[PATCH 1/2] numa, mm: drop redundant check in do_huge_pmd_numa

linux-kernel.vger.kernel.org archive mirror
 help / color / mirror / Atom feed

* [PATCH 1/2] numa, mm: drop redundant check in do_huge_pmd_numa_page()
@ 2012-10-26 12:54 Kirill A. Shutemov
  2012-10-26 12:54 ` [PATCH 2/2] numa, mm: consolidate error path " Kirill A. Shutemov
  2012-10-26 13:08 ` [PATCH 1/2] numa, mm: drop redundant check " Peter Zijlstra
  0 siblings, 2 replies; 9+ messages in thread
From: Kirill A. Shutemov @ 2012-10-26 12:54 UTC (permalink / raw)
  To: linux-mm
  Cc: Will Deacon, Kirill A. Shutemov, Andrew Morton, Andrea Arcangeli,
	Xiao Guangrong, Ingo Molnar, Peter Zijlstra, linux-kernel

From: "Kirill A. Shutemov" <kirill.shutemov@linux.intel.com>

We check if the pmd entry is the same as on pmd_trans_huge() in
handle_mm_fault().

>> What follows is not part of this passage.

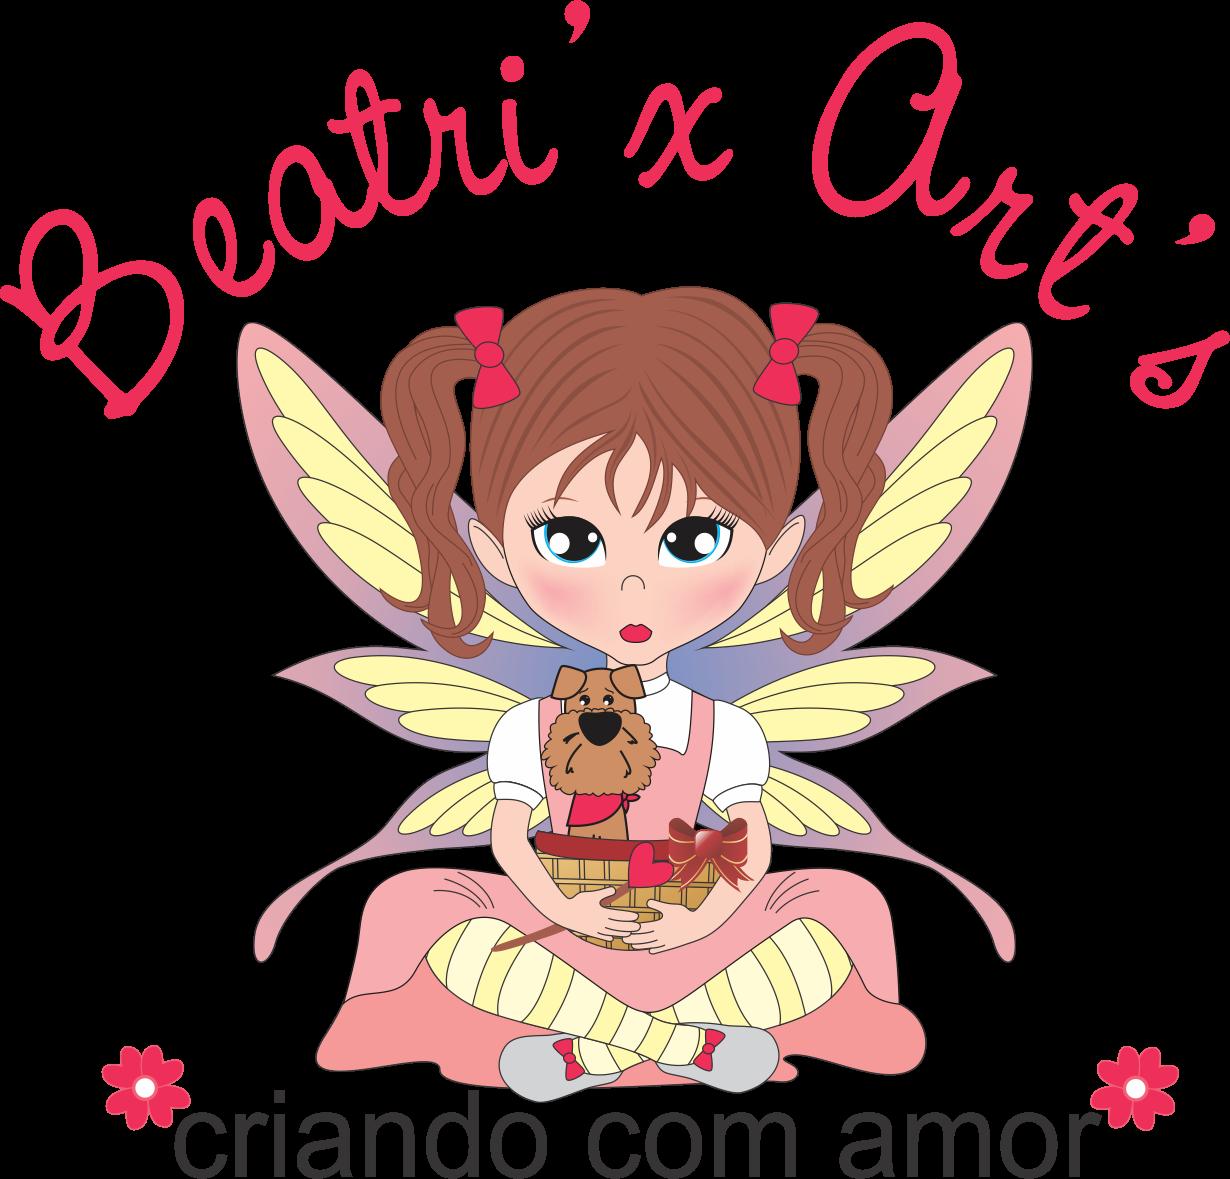 Criando com Amor Beatri'x Art's
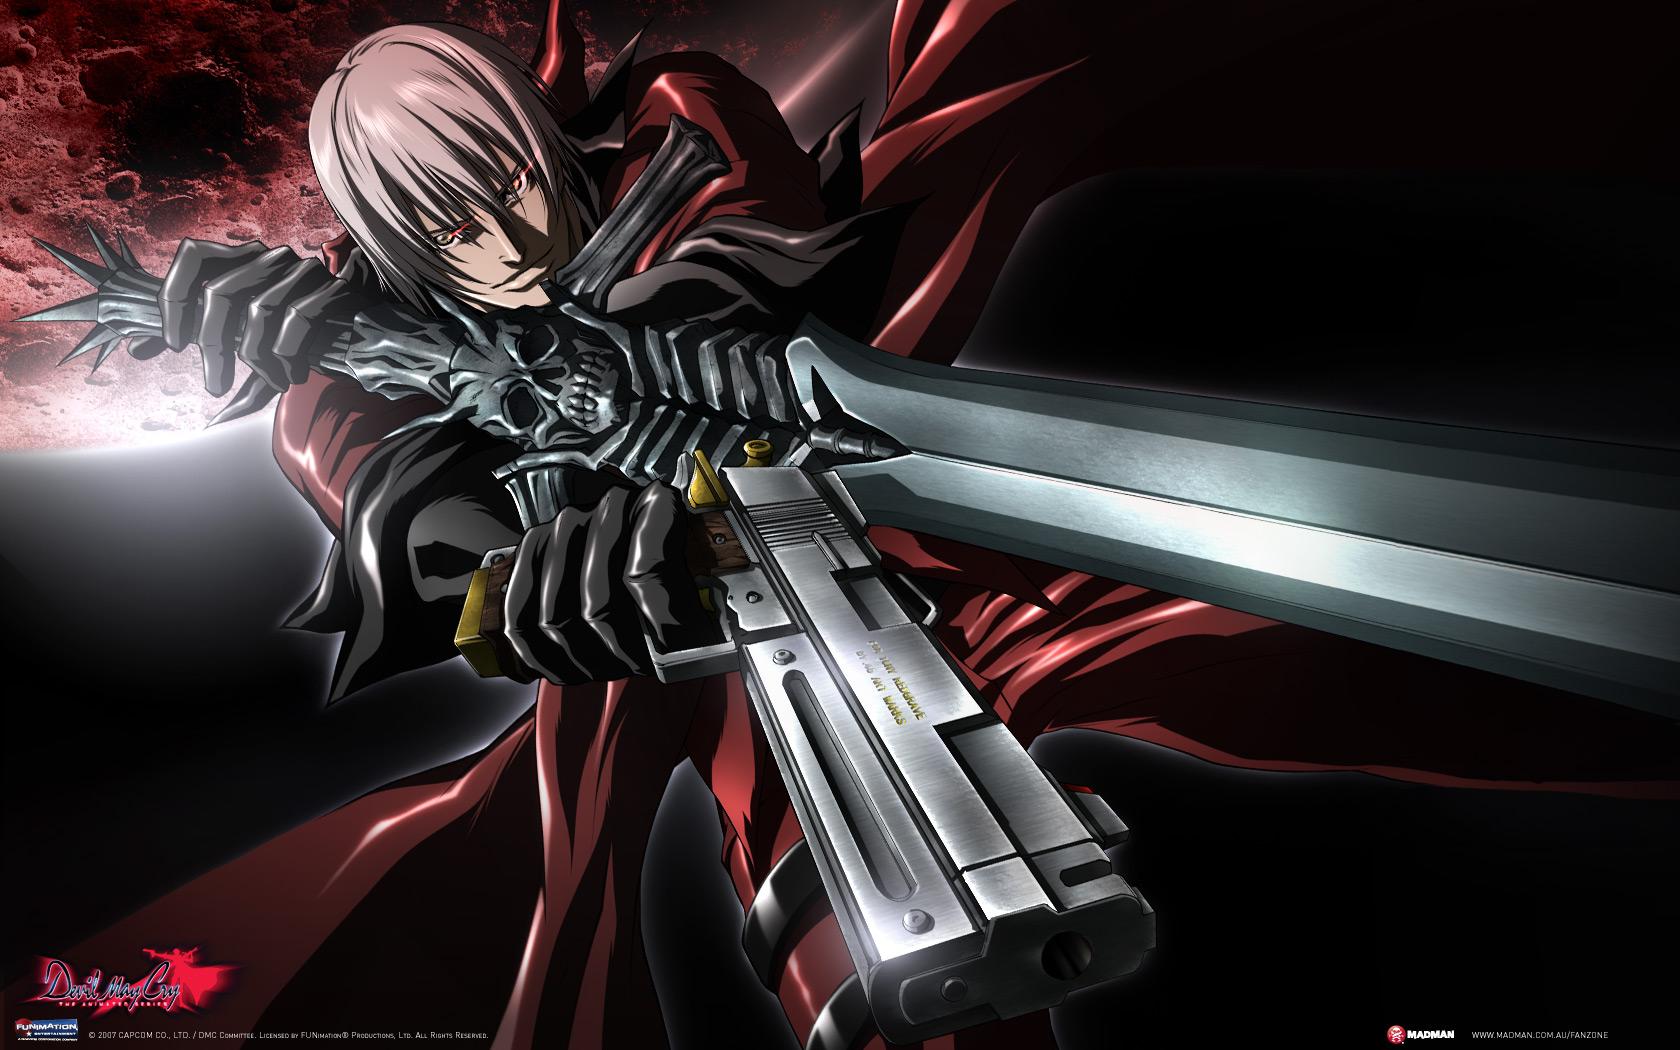 Dante Devil May Cry Wallpaper 76540 Zerochan Anime Image Board

That's enough.

Signed-off-by: Kirill A. Shutemov <kirill.shutemov@linux.intel.com>
---
 mm/huge_memory.c |    6 ------
 1 file changed, 6 deletions(-)

diff --git a/mm/huge_memory.c b/mm/huge_memory.c
index 3c14a96..9bb2c23 100644
--- a/mm/huge_memory.c
+++ b/mm/huge_memory.c
@@ -758,12 +758,6 @@ void do_huge_pmd_numa_page(struct mm_struct *mm, struct vm_area_struct *vma,
 	if (unlikely(!pmd_same(*pmd, entry)))
 		goto unlock;
 
-	if (unlikely(pmd_trans_splitting(entry))) {
-		spin_unlock(&mm->page_table_lock);
-		wait_split_huge_page(vma->anon_vma, pmd);
-		return;
-	}
-
 	page = pmd_page(entry);
 	if (page) {
 		VM_BUG_ON(!PageCompound(page) || !PageHead(page));
-- 
1.7.10.4


^ permalink raw reply related	[flat|nested] 9+ messages in thread

* [PATCH 2/2] numa, mm: consolidate error path in do_huge_pmd_numa_page()
  2012-10-26 12:54 [PATCH 1/2] numa, mm: drop redundant check in do_huge_pmd_numa_page() Kirill A. Shutemov
@ 2012-10-26 12:54 ` Kirill A. Shutemov
  2012-10-26 13:10   ` Peter Zijlstra
  2012-10-26 13:08 ` [PATCH 1/2] numa, mm: drop redundant check " Peter Zijlstra
  1 sibling, 1 reply; 9+ messages in thread
From: Kirill A. Shutemov @ 2012-10-26 12:54 UTC (permalink / raw)
  To: linux-mm
  Cc: Will Deacon, Kirill A. Shutemov, Andrew Morton, Andrea Arcangeli,
	Xiao Guangrong, Ingo Molnar, Peter Zijlstra, linux-kernel

From: "Kirill A. Shutemov" <kirill.shutemov@linux.intel.com>

Let's move all error path code to the end if the function. It makes code
more straight-forward.

Signed-off-by: Kirill A. Shutemov <kirill.shutemov@linux.intel.com>
---
 mm/huge_memory.c |   44 ++++++++++++++++++++------------------------
 1 file changed, 20 insertions(+), 24 deletions(-)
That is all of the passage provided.